Современная китайская проза
Шрифт:
Коньки свободно скользили по льду, как шасси у взлетающего самолета. Это и есть настоящее счастье! Кто умеет скользить по льду, тот рано или поздно оторвется от земли и взлетит…
Коньки — давно позабытые друзья! Ваши тонкие лезвия выдерживают вес человека — и справляются. Чтобы быстро скользить на узеньких полосках стали, нужно соблюдать равновесие. Чем отличается каток от подмостков, на которых проходит человеческая жизнь? Неведомо, когда ты споткнешься и упадешь, далеко ли тебя забросит судьба, а подымешься — скользи снова.
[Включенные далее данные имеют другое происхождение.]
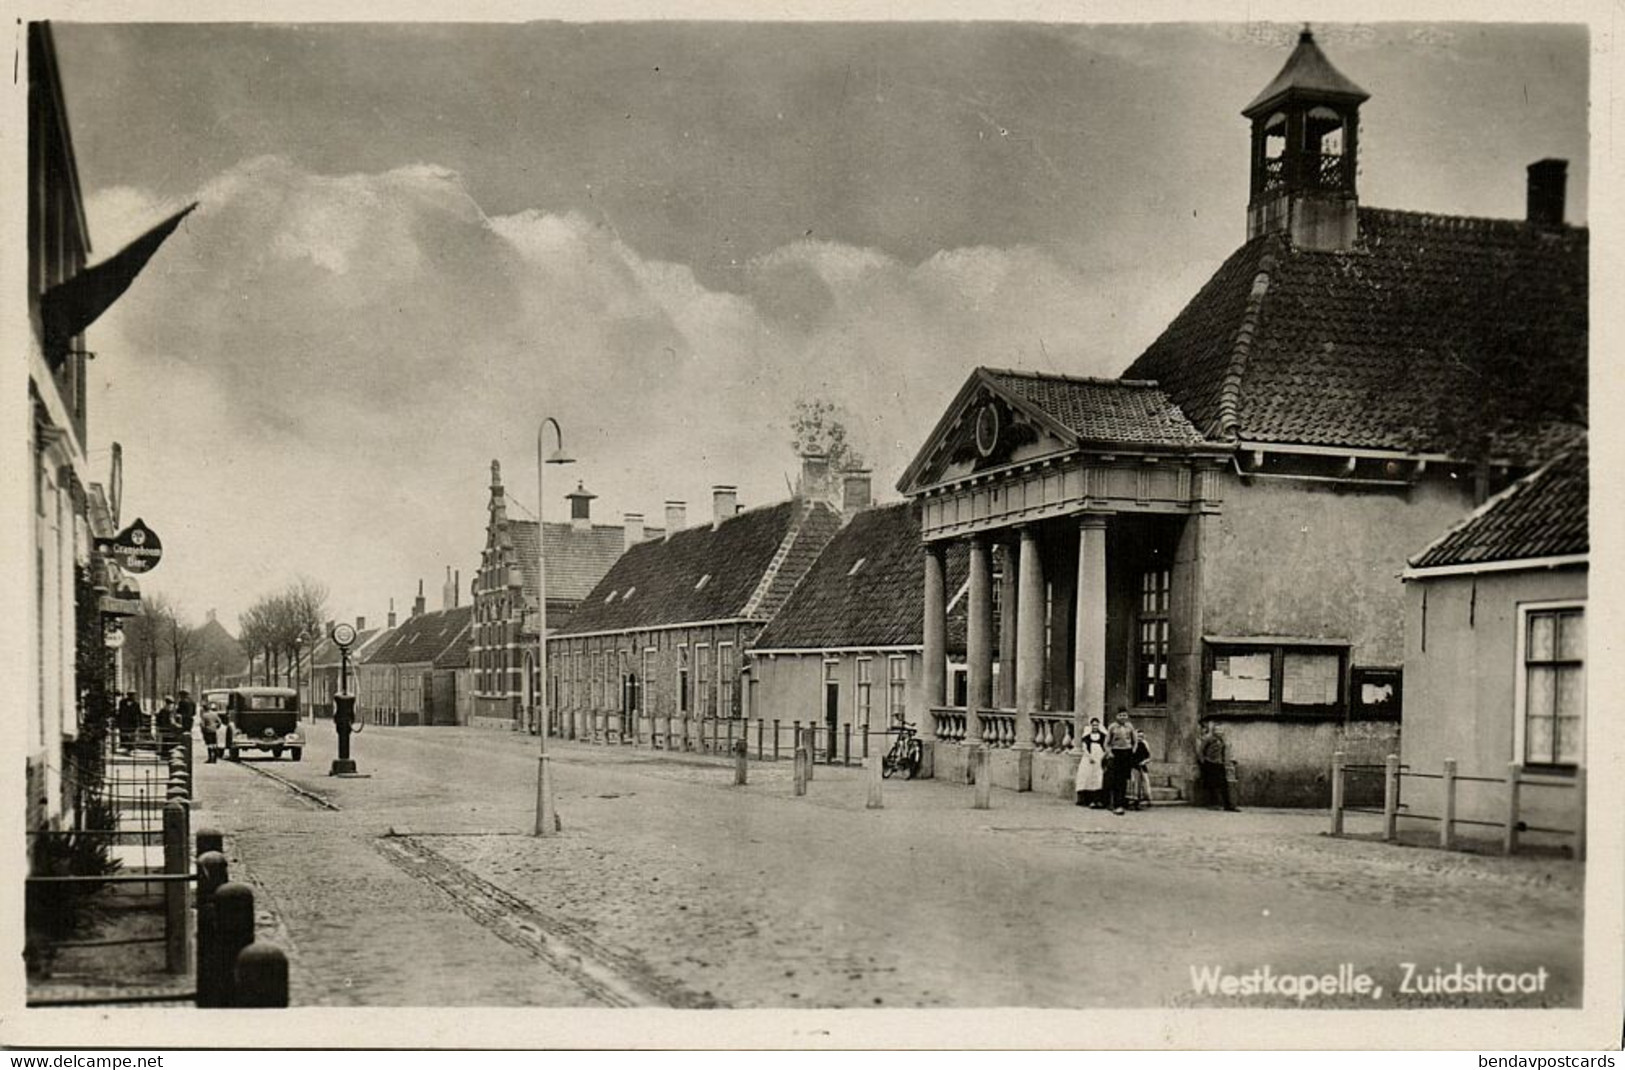 Nederland, WESTKAPELLE, Zuidstraat (1930s) Ansichtkaart - Westkapelle

Ты бежишь, ты летишь, ты стремительно бороздишь лед, словно ты родилась на свет для того, чтобы чертить по льду борозды. Так разве же не вышли вновь на лед звезды фигурного катания и чемпионы хоккея? Впрочем, это неважно; совсем неважно, потому что залитый водой лед за одну ночь стирает с себя все накопившиеся борозды и шрамы. Они остаются только в истории спорта, а катку страшны безлюдье и пустота, а не свистящий звук разрезаемого льда…
Рядом с ней схватились двое — в красном и в голубом. И не успели зрители опомниться, как один из них вылетел за зеленый бортик и бухнулся в снег под большим тополем; парень катился прямо к ней. Зрители закричали в тревоге; Циньцинь бросилась поднимать пострадавшего.
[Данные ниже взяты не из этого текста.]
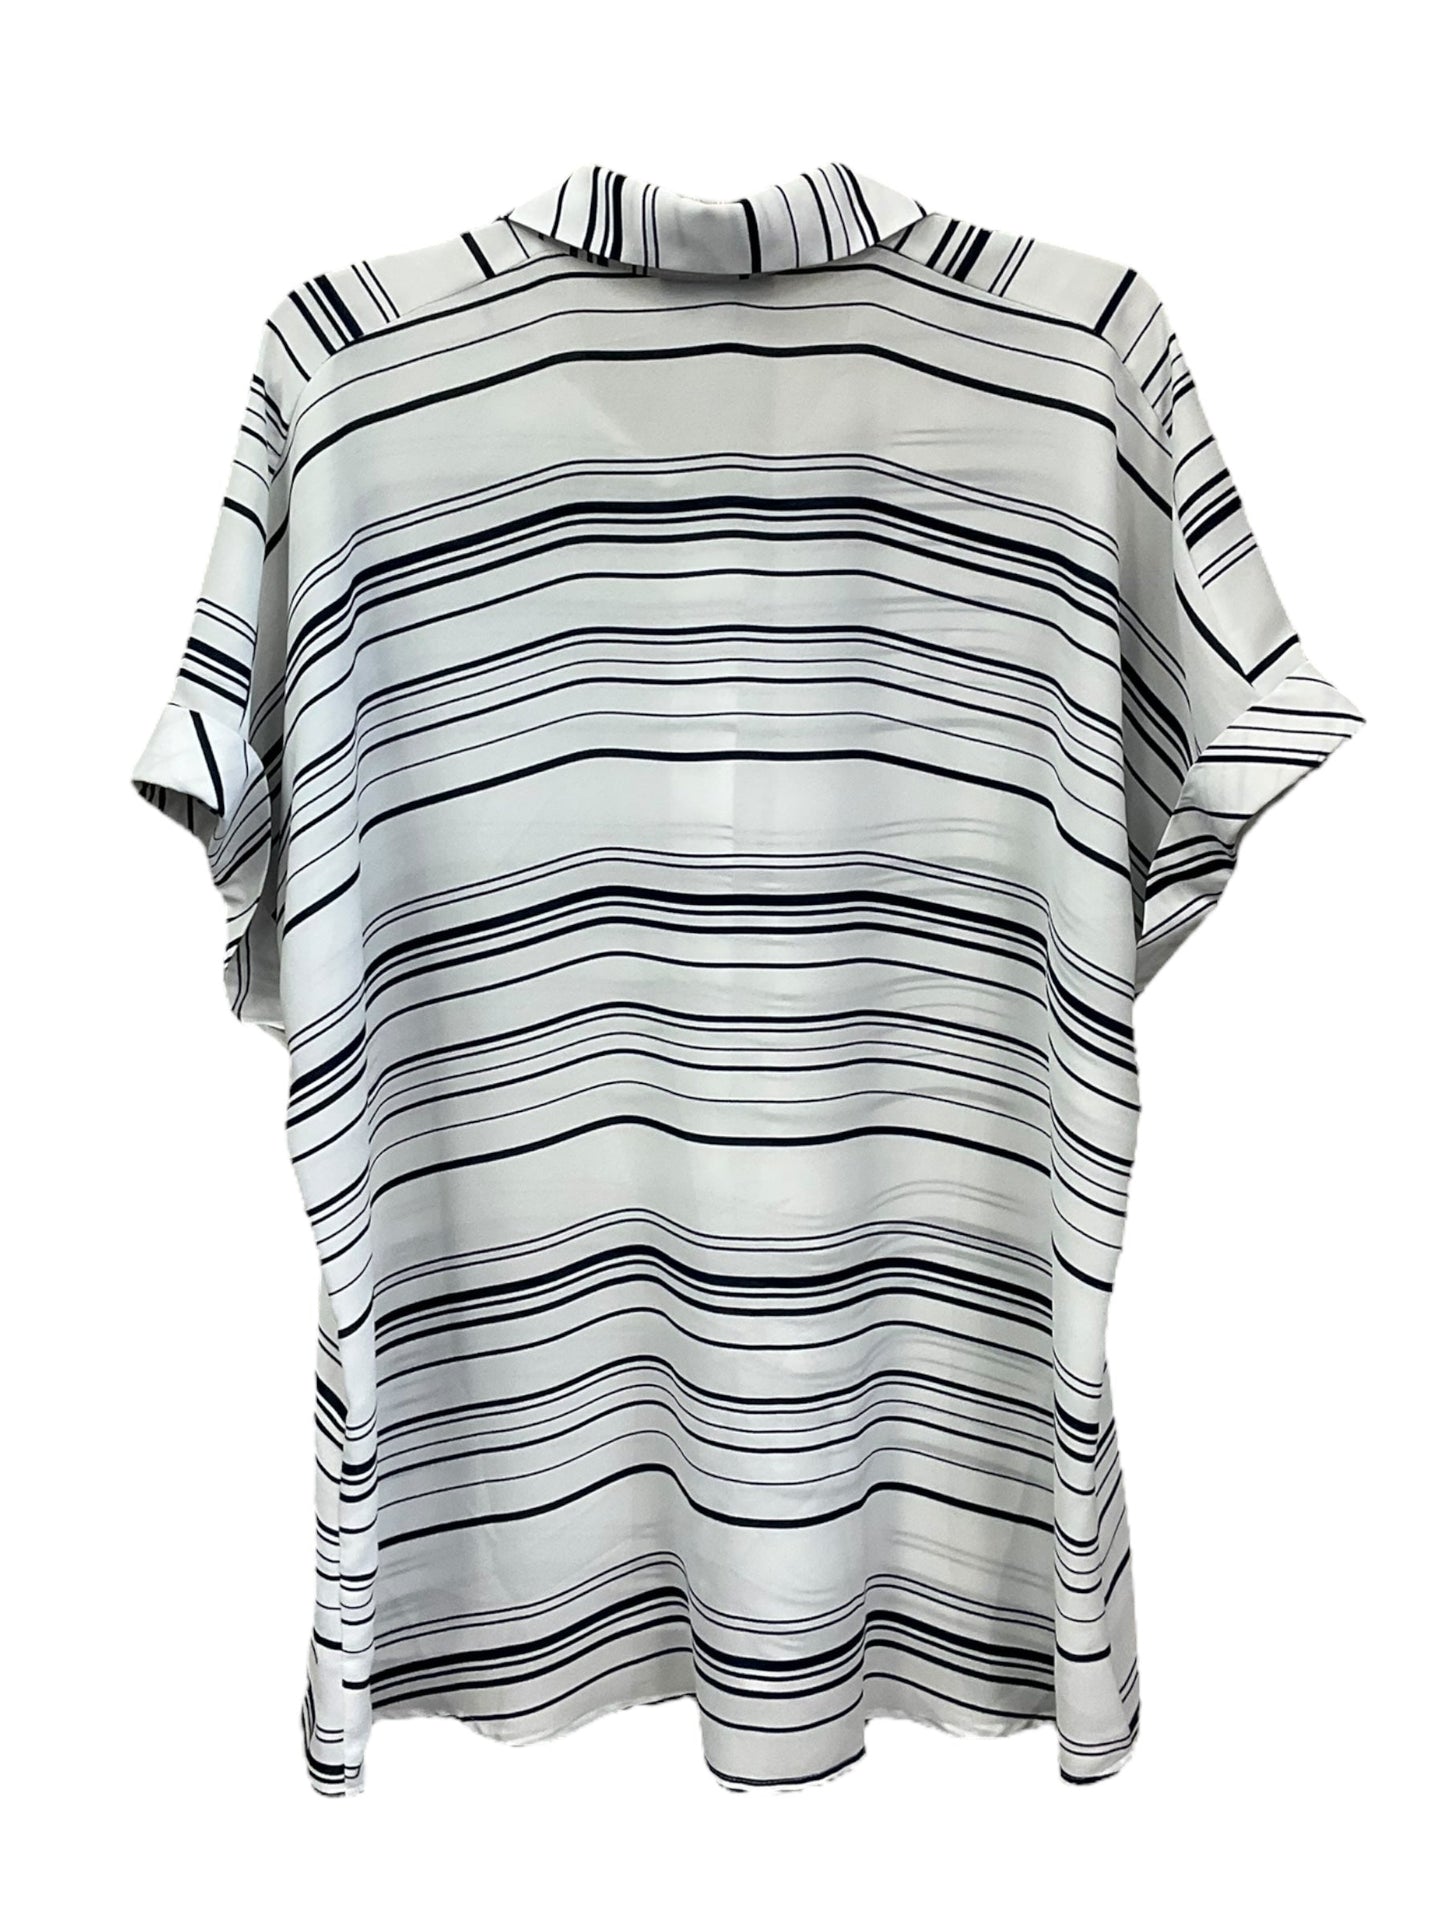 Striped Pattern Top Short Sleeve Alfani, Size 1x

— Ушибся? Больно? — взволнованно спрашивала она, стоя в снегу на коленях. Парень был очень бледный.
— Ничего, — с трудом проговорил он. На лбу у него пульсировала жилка. Он напрягся всем телом, уперся руками в снег и поднялся, как раненый боец. Он стоял в глубоком снегу, и пар шел у него изо рта. А к нему уже со всех сторон бежали: зрители, игроки, тренеры.
— Здорово ушибся?
— Озверели, бесстыжие, сталкиваются лбами, думают таким образом счет изменить, — возмущенно кричал кто-то.
— Ну и ну! — вдруг крикнул пострадавший. — Я и не знал, что у меня такие крепкие кости! Потрещали — и ничего!
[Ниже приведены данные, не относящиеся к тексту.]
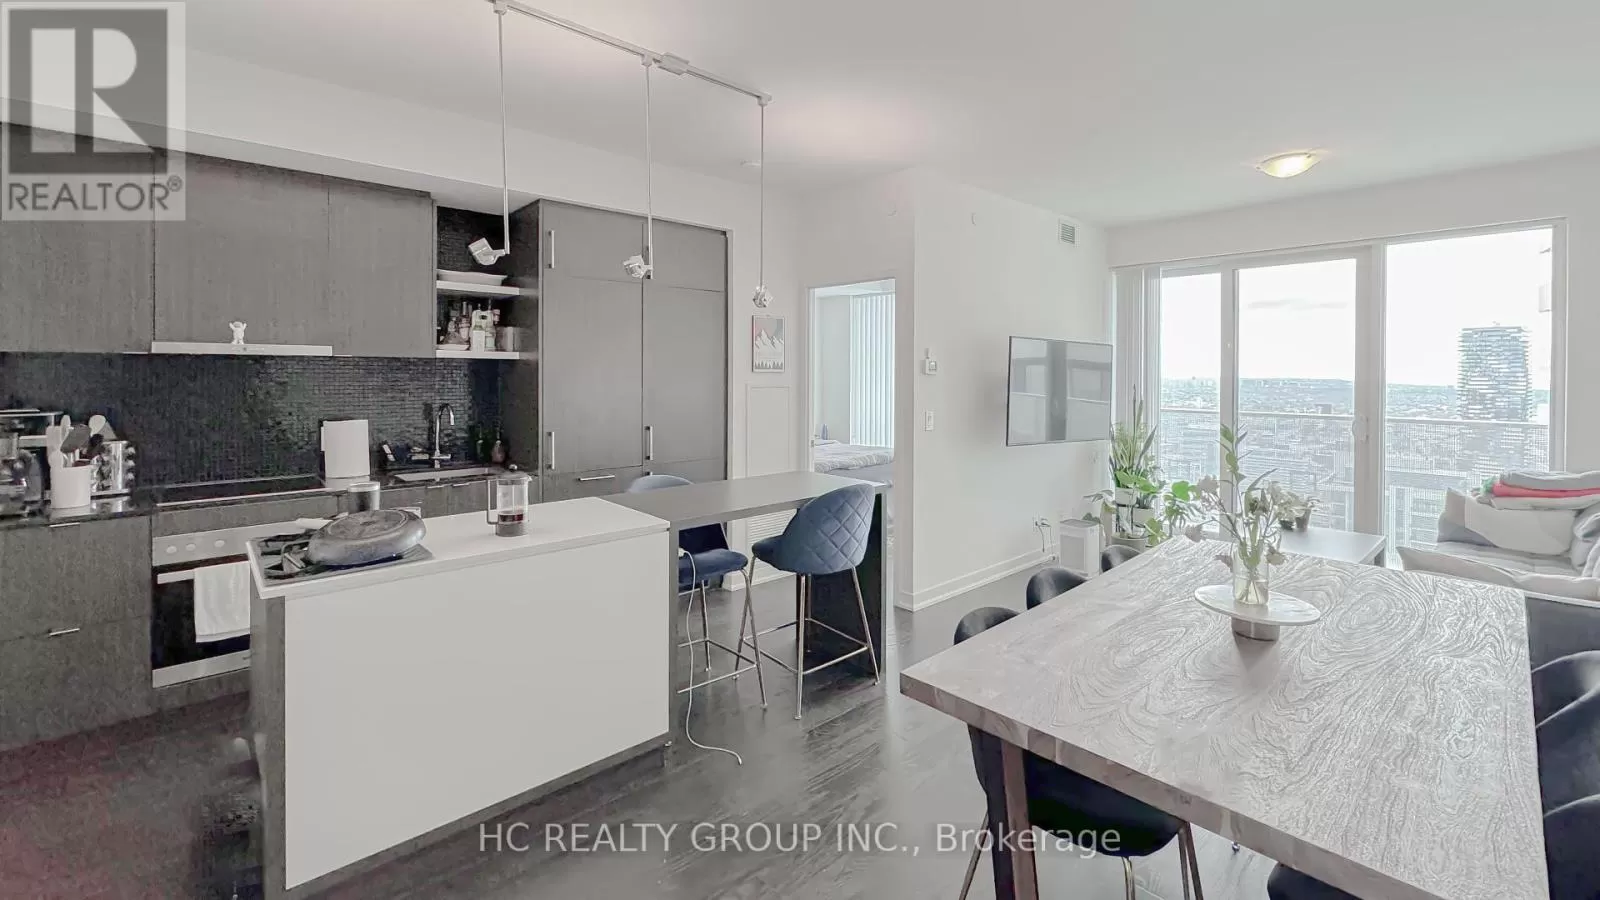 Apartment for rent: 6506 - 100 Harbour Street, Toronto, Ontario M5J 0B5

Он зашагал к бортику и ловким движением перемахнул через него.
До чего же знакомый голос! И лицо тоже. Облокотясь о бортик, парень смотрел на нее с благодарной улыбкой.
Она едва сдержала готовый вырваться крик. Как он попал сюда? Несчастный, замученный, он еще может шайбу гонять? В хоккейных доспехах его не узнать, закован, как средневековый рыцарь. Неужели это он, скромный и молчаливый, а здесь сильный и дерзкий. Она ни за что не поверила бы, если бы не увидела собственными глазами. Сколько энергии и силы! «Я не знаю тебя, но хорошо помню. Ты — сирота, рос без матери».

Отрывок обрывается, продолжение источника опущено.